American author (born 1980)

Jamie Holmes (born April 8, 1980) is an American author. His writing has appeared in The New York Times, The New Yorker, The Atlantic, The New Republic, and Slate, among many other publications. Holmes has written two books. The first, Nonsense: The Power of Not Knowing, was published by Penguin Random House (Crown) in 2015 and explores the psychology of uncertainty. He is also the author of 12 Seconds of Silence: How a Team of Inventors, Tinkerers, and Spies Took Down a Nazi Superweapon, about the creation of the proximity fuse, which was published on August 4, 2020 by Houghton Mifflin Harcourt.

== Life and career ==
Born in Boston, Massachusetts, and raised in Chicago and Boston, Holmes received his undergraduate degree from New York University in 2002. After college he served in the Peace Corps in Iași, Romania, teaching English, and worked as a Research Coordinator at Harvard University, where he focused on behavioral economics. In 2009, he received a Master of International Affairs from Columbia University's School of International and Public Affairs. From 2009 to 2012, Holmes worked as a research associate, program associate, and policy analyst at New America. He is currently a Future Tense Fellow at New America and lives in Washington, D.C.

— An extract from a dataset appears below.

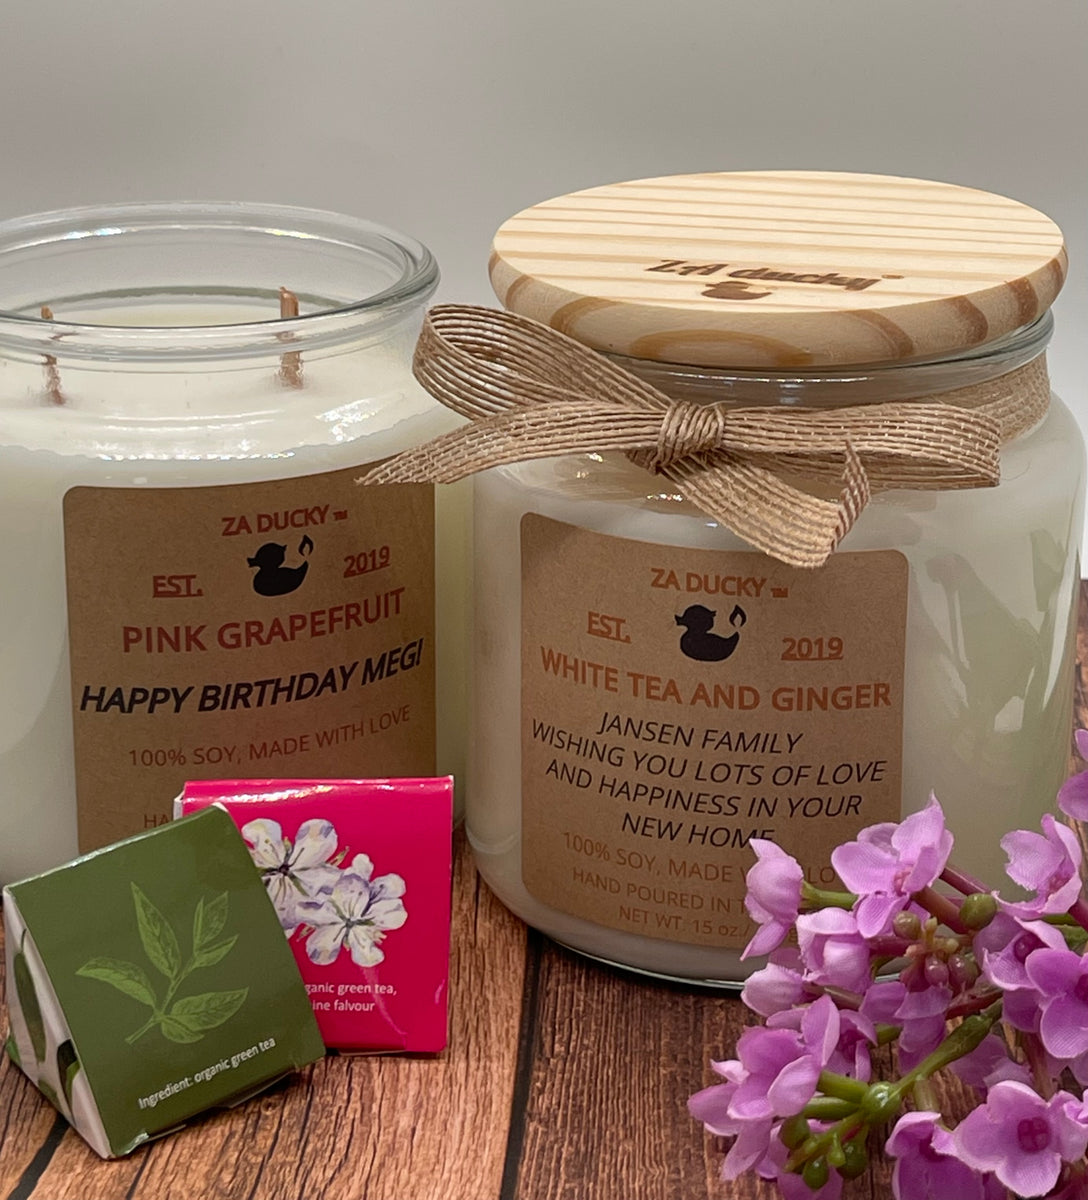 16 oz. wood lid jar soy wax candle net wt. 15 oz. /425g personalized candles adding small massage for free of charge.

He is the son of Nancy Maull and political scientist Stephen Holmes.

== Reception ==
Holmes received widespread attention for his 2011 article in the New Republic, "Why Can't More Poor People Escape Poverty," as well as for his 2015 Op-Ed in the New York Times, "The Case for Teaching Ignorance." His book Nonsense: The Power of Not Knowing was reviewed favorably by the Washington Post, Kirkus Reviews, and New York Magazine, among other outlets.

Reviewing 12 Seconds of Silence in Air Mail, the renowned historian Andrew Roberts described the book as: “Meticulously researched and well-written…a prescient reminder of the role of science in both power and peace…an impressive and necessary monument to the spirit and sacrifice of the Americans whose innovation proved so imperative in winning the Second World War.” Roberts acknowledged that book corrects the "egregious error" of past histories which claim that the British invented the fuse and merely delivered it to the Americans to manufacture. In fact, most of the hard work was done by the Office of Scientific Research and Development's Section T.